Exhibit 10.2
POST HOLDINGS, INC.
NON-QUALIFIED STOCK OPTION AGREEMENT
Post Holdings, Inc. grants a Non-Qualified Stock Option (the “Option”) to
_____________
(“Optionee”), effective _____________ (“Grant Date”), to purchase a total of
_________
shares of its Stock at an exercise price of $______ per share pursuant to the Post Holdings, Inc. 2012 Long-Term Incentive Plan (the “Plan”), upon the terms hereafter provided in this Non-Qualified Stock Option Agreement (this “Agreement”). Any capitalized terms, not otherwise defined herein, have the meanings given to such terms in the Plan.
NOW THEREFORE
, the Company and Optionee agree, for and in consideration of the terms hereof, as set forth below.
1.
Exercise
. Subject to the provisions of the Plan and the following terms, Optionee may exercise the Option from time to time by tendering to the Company (or its designated agent), written notice of exercise, which will state the number of shares under the Option to be exercised, together with the purchase price in either cash or, if the Committee so permits, in Shares at the Fair Market Value. Notwithstanding the foregoing, if the Committee so permits, the purchase price may be payable through a net or cashless exercise as permitted by the Committee or through such other methods or forms as the Committee may approve in its discretion subject to such rules and procedures as it may establish.
2.
Vesting and When Exercisable
.
(a)
The Option vests and becomes exercisable in accordance with Section 2(b) below. Subject to the provisions of the Plan and any vesting and other terms herein, the Option remains exercisable through the tenth anniversary of the Grant Date (“Expiration Date”) unless Optionee is no longer employed by the Company (or its Affiliates or Parent, if any), in which case the Option is exercisable only if permitted by, and in accordance with, the provisions of Section 3 below.
(b)
The Option vests and is exercisable, as follows: all of the shares covered by the Option shall vest in full on the seventh (7
th
) anniversary of the Grant Date, subject to the Optionee’s continued employment with the Company (or its Affiliates or Parent, if any), and the Option becomes exercisable on the vesting date; provided, however, that upon Optionee’s death or Disability, the Option will fully vest as of the date of Optionee’s death or Disability.
3.
Accelerated Vesting and Limitation on Exercise Period
.
(a) Notwithstanding Section 2(b) above, the Option shall vest before the normal vesting dates set forth in Section 2(b) above upon the occurrence of a Change in Control while Optionee is employed by the Company (or an Affiliate or Parent, if any)
if
the Option will not remain outstanding following such Change in Control and the surviving corporation or Parent makes settlement of the full value of the outstanding Option (whether or not then exercisable) in cash or cash equivalents followed by the cancellation of the Option. If, upon the occurrence of a Change in Control while Optionee is employed by the Company (or an Affiliate or Parent, if any), the Option remains outstanding following the Change in Control, the Option is assumed by the surviving corporation or Parent, or the surviving corporation or Parent substitutes options with substantially the same terms for the Option, then the Option shall continue to vest in accordance with Section 2(b) above,
unless
Optionee has a “Qualifying Termination” as hereafter defined. Upon the occurrence of a Qualifying Termination, the Option shall automatically become fully vested, notwithstanding the normal vesting dates set forth in Section 2(b) above.

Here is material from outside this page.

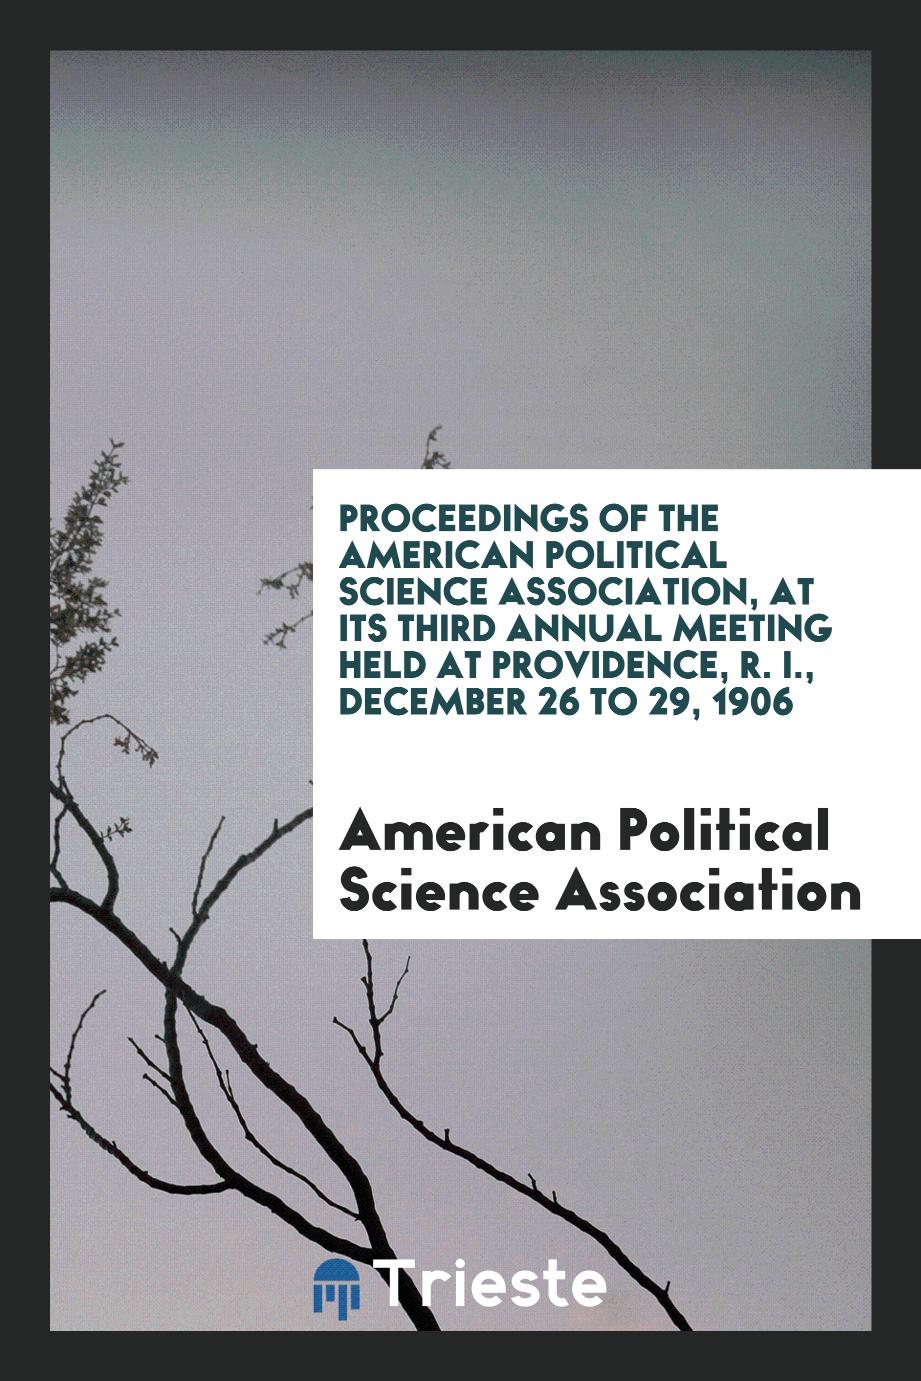 Proceedings of the american political science association, at its third annual meeting held at providence, R. I., December 26 to 29, 1906

(b) Once the Option vests and becomes exercisable as provided above, the Option shall remain exercisable for the periods set forth below or until the Expiration Date, whichever occurs first. Thereafter, the unexercised portion of the Option is forfeited and may not be exercised.
(i)
In the event of the death of Optionee, the Option is exercisable for three years.
(ii)
In the event of the Disability of Optionee, the Option is exercisable for three years.
(iii)
In the event of the voluntary termination of Optionee’s employment with the Company (and its Affiliates and Parent, if any), the Option is exercisable for three years.
(iv)
In the event of the involuntary termination of Optionee’s employment with the Company (and its Affiliates and Parent, if any), other than a termination for death, Disability, or Cause, the Option is exercisable for six months.
(c) For purposes hereof, a “Qualifying Termination” means a termination of Optionee’s employment with the Company (and its Affiliate and Parent, if any) within two years of a Change in Control Date (i) by the Company (or an Affiliate or the Parent, if any) without Cause, or (ii) by the Optionee for “Good Reason”. For purposes hereof, “Good Reason” means (A) a material reduction in Optionee’s base salary, bonuses or incentive compensation; (B) a material reduction in the kind or level of employee benefits, fringe benefits or perquisites to which Optionee is from time to time entitled; (C) a diminution or adverse change in Optionee’s titles, authorities, duties, responsibilities or reporting relationships, or the assignment to Optionee of duties that are inconsistent with, or materially impair his ability to perform, the duties of his position prior to the Change in Control; or (D) a change in the geographic location by 50 miles or more at which Optionee must perform his services.
4.
Forfeiture
.
(a) This Section 4 sets forth the circumstances under which the Option will be forfeited. All shares not vested shall be forfeited upon Optionee’s receipt of written notice from the Committee of the occurrence of any of the following events (such notice is referred to as the “Forfeiture Notice”):
(i) Optionee is terminated for Cause;
(ii) Optionee engages in competition with the Company; or
(iii) Optionee engages in any of the following actions: (A) intentional misconduct in the performance of Optionee’s job with the Company or any subsidiary; (B) being openly critical in the media of the Company or any subsidiary or its directors, officers, or employees or those of any subsidiary; (C) pleading guilty or nolo contendere to any felony or any charge involving moral turpitude; (D) misappropriating or destroying Company or subsidiary property including, but not limited to, trade secrets or other proprietary property; (E) improperly disclosing material nonpublic information regarding the Company or any subsidiary; (F) after ceasing employment with the Company, inducing or attempting to induce any employee of the Company or any Subsidiary to leave the employ of the Company or any subsidiary; (G) after ceasing employment with the Company, hiring any person who was a manager level employee of the Company or any subsidiary; or (H) inducing or attempting to induce any customer, supplier, lender, or other business relation of the Company or any subsidiary to cease doing business with the Company or any subsidiary.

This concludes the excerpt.